Say there are two pytorch tensors a
, which is float32
with shape [M, N]
, and b
, which is int64
with shape [K]
. The values in b
are within [0, M-1], so the following line gives a new tensor c
indexed by b
:
c = a[b] # [K, N] tensor whose i-th row is a[b[i]], with `IndexBackward`
However, in a project of mine, this line always reports the following error (which is detected with torch.autograd.detect_anomaly()
:
with torch.autograd.detect_anomaly():
[W python_anomaly_mode.cpp:104] Warning: Error detected in IndexBackward. Traceback of forward call that caused the error:
...
File "/home/user/project/model/network.py", line 60, in index_points
c = a[b]
(function _print_stack)
Traceback (most recent call last):
File "main.py", line 589, in <module>
main()
File "main.py", line 439, in main
train_stats = train(
File "/home/user/project/train_eval.py", line 866, in train
total_loss.backward()
File "/home/user/.local/lib/python3.8/site-packages/torch/_tensor.py", line 255, in backward
torch.autograd.backward(self, gradient, retain_graph, create_graph, inputs=inputs)

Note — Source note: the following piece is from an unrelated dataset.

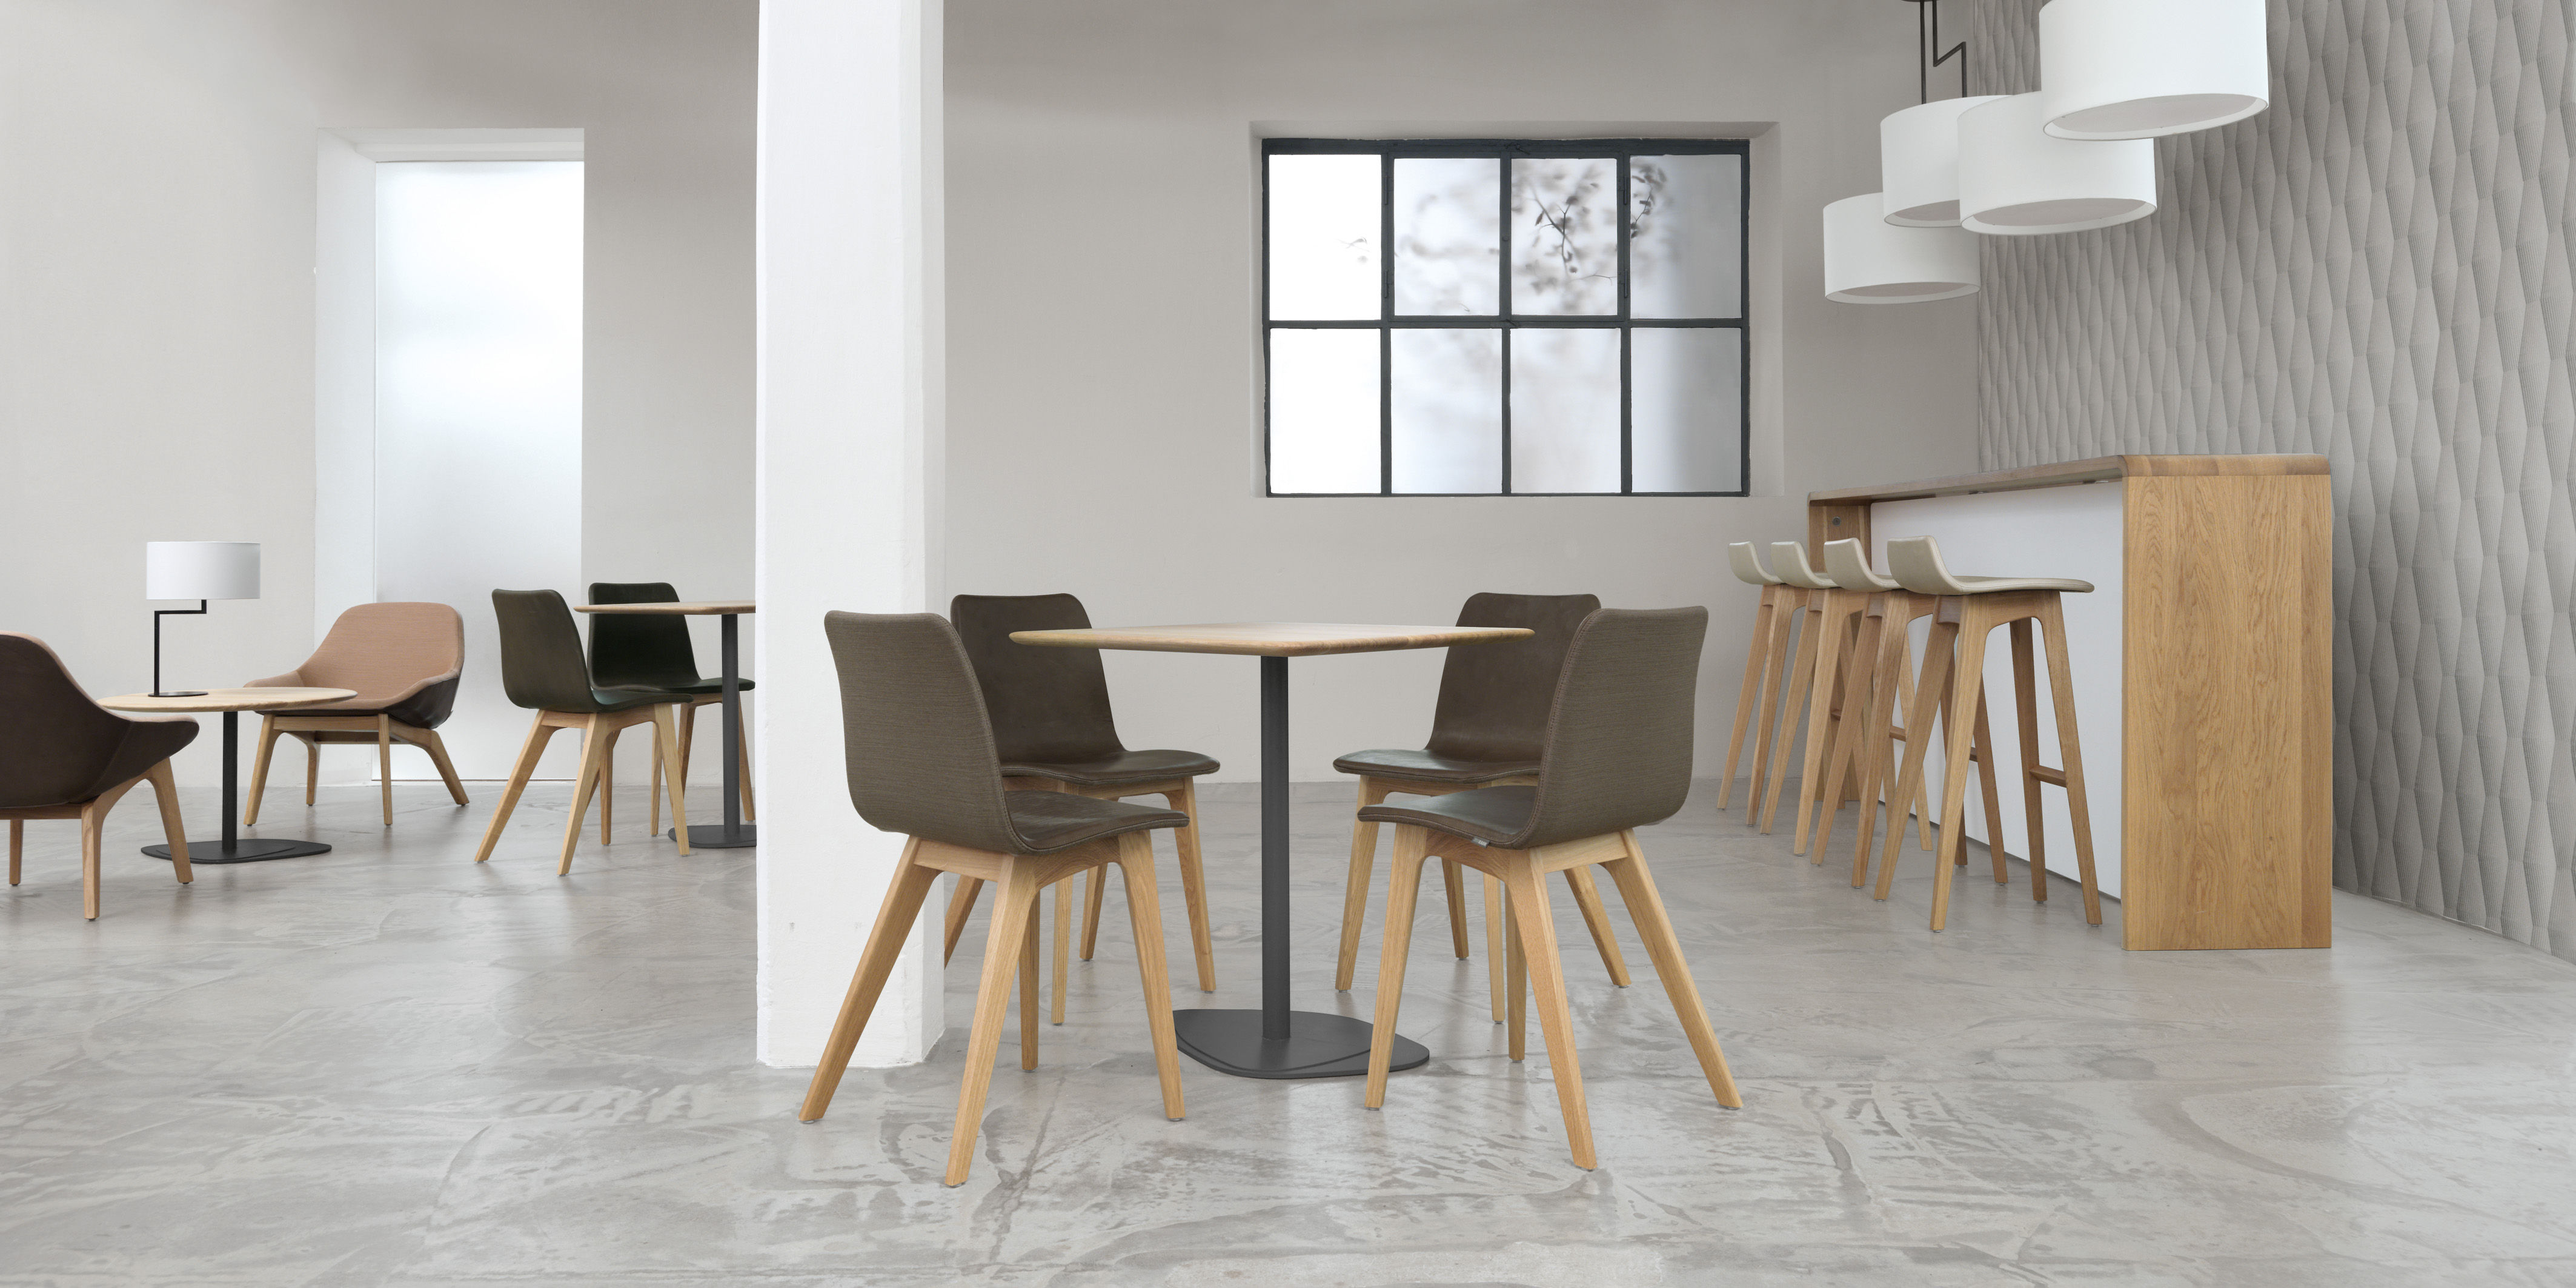 tabouret de bar morph zeitraum ch ne naturel l 36 x h 92 made in design. Black Bedroom Furniture Sets. Home Design Ideas

File "/home/user/.local/lib/python3.8/site-packages/torch/autograd/__init__.py", line 147, in backward
Variable._execution_engine.run_backward(
RuntimeError: merge_sort: failed to synchronize: cudaErrorIllegalAddress: an illegal memory access was encountered
Note that the line c = a[b]
above is not the only occurrence of said error, but just one among many other lines with square-bracket indexing.
However, the problem magically goes away when I change the indexing style from
c = a[b]
to
c = a.index_select(0, b)
I don't understand why indexing with square brackets leads to illegal memory access, but this gives me enough reason to believe square-bracket indexing and index_select
are implemented differently. Understanding that could be the key to explain this. Also, since the project is rather large and not public, I can't share the exact codes here. You can just treat things above as background and focus on how square-bracket indexing and index_select
are different. Thanks!
Additional information:
torch.index_select
returns a new tensor which copies the indexed fields into a new memory location (docs).
torch.Tensor.select
or slicing returns a view of the original tensor (docs).
Without seeing more of your code, it's hard to say why this particular difference in functionality might cause the above error.